Front panel 20 is a translucent member preferably composed of a clear plastic sheet. It has been determined that a front panel 20 composed of clear polystyrene is particularly desirable. The polystyrene may typically be about 10 mil in thickness and produces a uniform, highly transparent sheet which is economical and sufficiently impact resistant for the intended use. Use of clear polystyrene for panel 20 also has the advantage that it gives the appearance of glass when the picture frame is viewed from a distance. Although clear polystyrene is the preferred plastic for front panel 20, it has been determined that suitable alternative materials are clear Mylar (polyester), clear polypropylene, cellulose acetate, or polycarbonate. Clear plastic sheets formed from the foregoing alternative materials are readily manufactured and have suitable impact resistance and sufficient clarity for use in the present invention. Additionally, it should be understood that panel 20 may be composed of other clear plastics and also glass may be used. However, glass has the disadvantage of being heavier thus requiring heavier frame construction and consequently a more costly picture frame.

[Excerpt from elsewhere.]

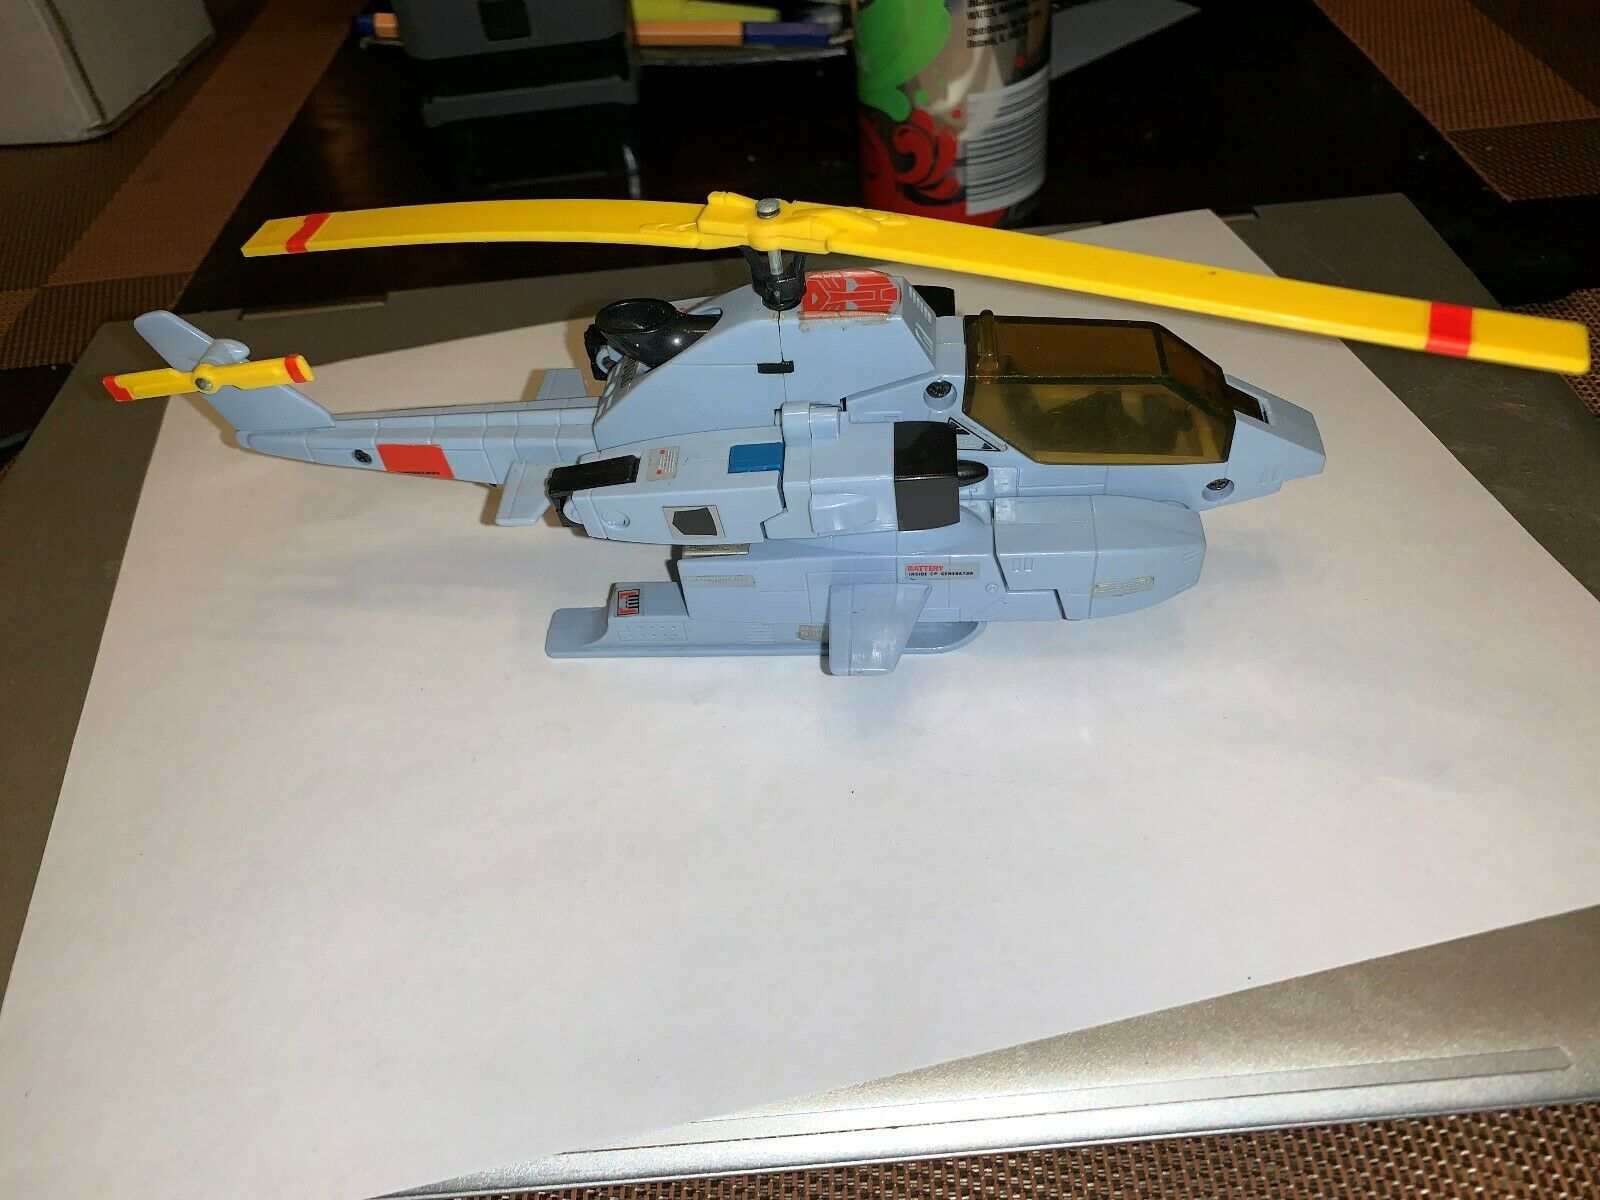 Whirl 1985 Vintage G1 Transformers BELL AH -1 Cobra Action Figure LQQK
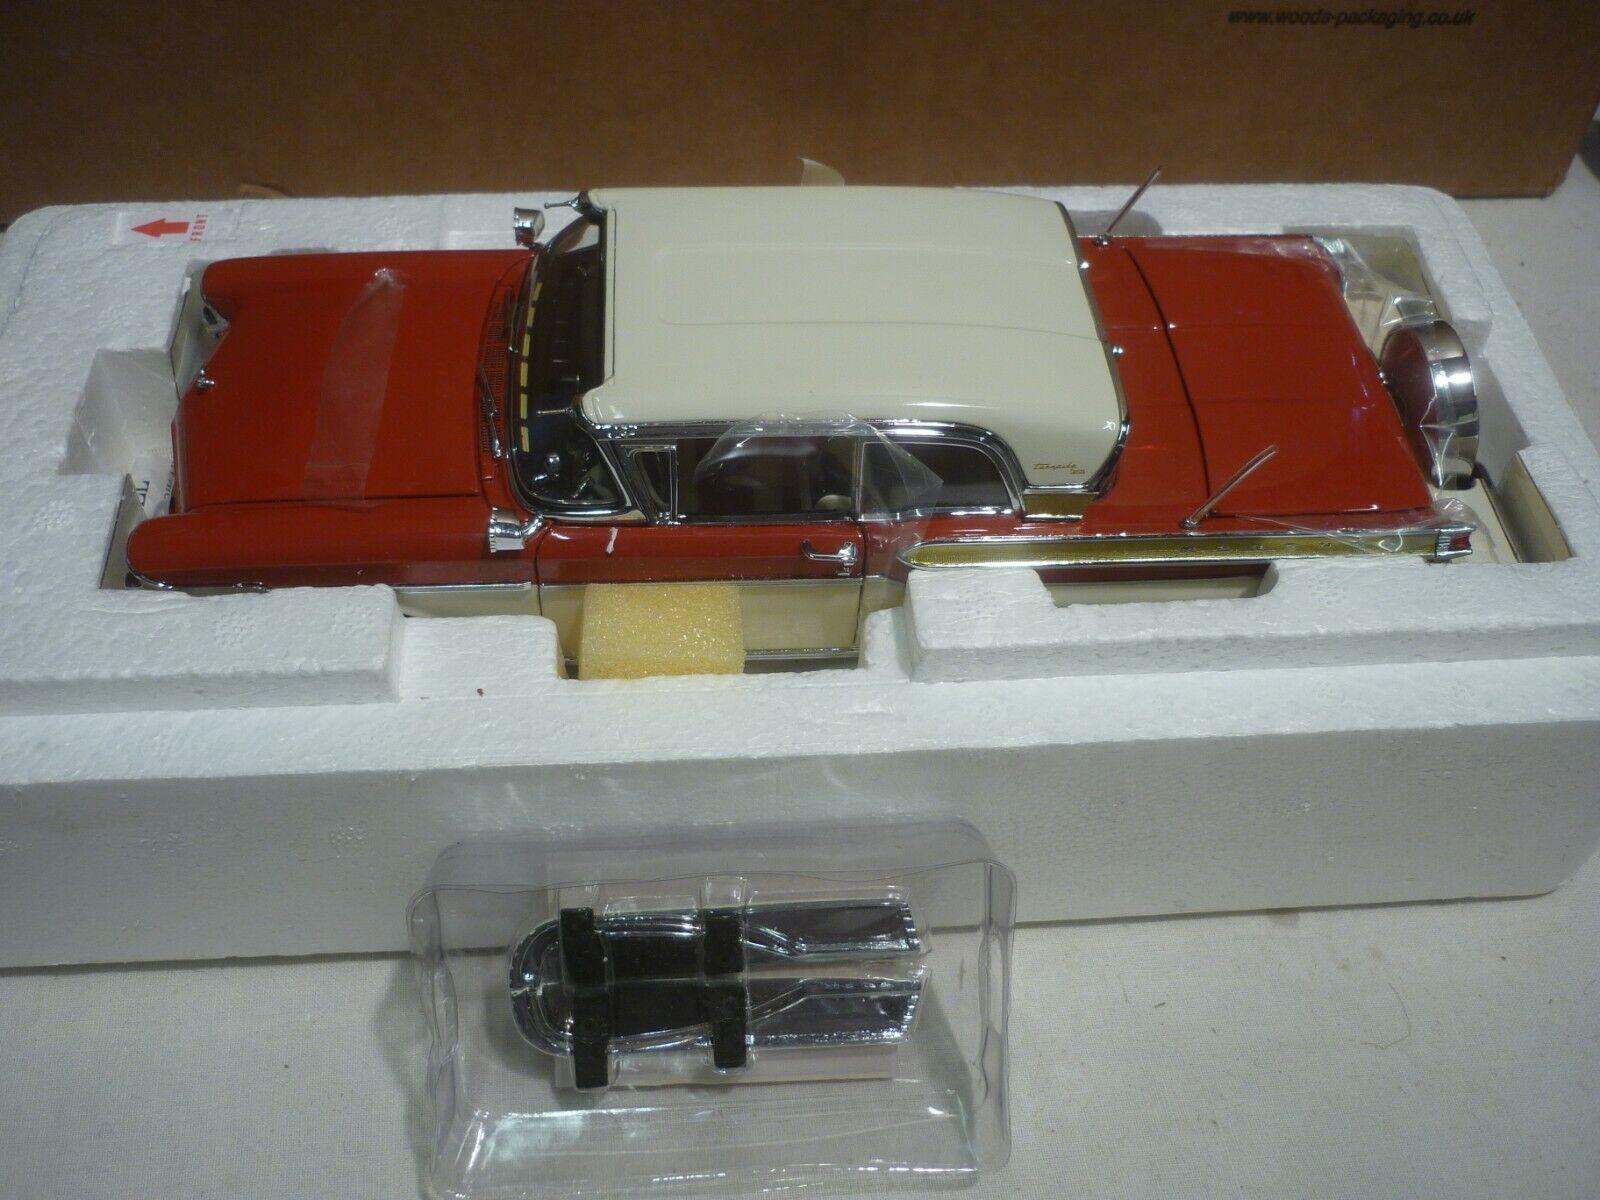 A la venta con descuento del 70%. Un modelo modelo modelo de escala de Danbury Mint de un 1957 Mercury Turnpike Cruiser. en Caja  Ven a elegir tu propio estilo deportivo.

Middle panel 30 may typically be a cardboard sheet. Middle panel 30 has a plurality of cutout portions therein, typically forming openings of various sizes and shapes such as openings 30J1, 30J2, 30J3, 30J4, and 30J5. These cutout portions provide a frame border covering pictures or photographs which are mounted to mounting panel 50. Mounting panel 50 is typically of lightweight paper construction and is composed of a backing sheet 55, uniformly or spot-coated with pressure sensitive adhesive and a removable release sheet such as sheet 50K1, which is removable from the adhesive layer 55 along various predesignated areas of the mounting panel 50. The predesignated areas of mounting panel 50 form picture slots of varied sizes and shapes such as slots 50J-1, 50J-2, 50J-3, 50J-4, and 50J-5. These slots are approximately all the same size and shape as the corresponding panel opening of middle panel 30, for example, picture slots 50J-1 through 50J-5 shown in the mounting panel 50 of FIG. 5 are approximately the same size and shape as panel openings 30J-1 through 30J-5 shown in middle panel 30 of FIG. 6. The removable release sheet for each one of the picture slots shown in mounting panel 50, for example release sheet 50K-1, is perforated along the border of the corresponding slot 50J-1 so as to permit manual removal from the adhesive coated backing sheet 55. Thus, the adhesive coated backing sheet becomes exposed in any one of the picture slots by simply peeling the corresponding release sheets. For example, release sheet 50K-1 may be peeled away thus exposing the adhesive coated backing sheet 55 within the slot portion 50J-1. Similarly, the release sheets covering the other picture slots in mounting panel 50 may be peeled away to expose the adhesive layer 55. For example, release sheet 50K-2 may be peeled away, exposing the adhesive coated backing sheet 55 within slot 50J-2. In use, after each one of the release sheets has been peeled from mounting panel 50, pictures or photographs may be cut to the size of each one of the picture slots and affixed to the exposed adhesive layer 55 within each slot. If desired, the user may use the release sheet as a template in trimming the picture or photograph to the size of the corresponding slot.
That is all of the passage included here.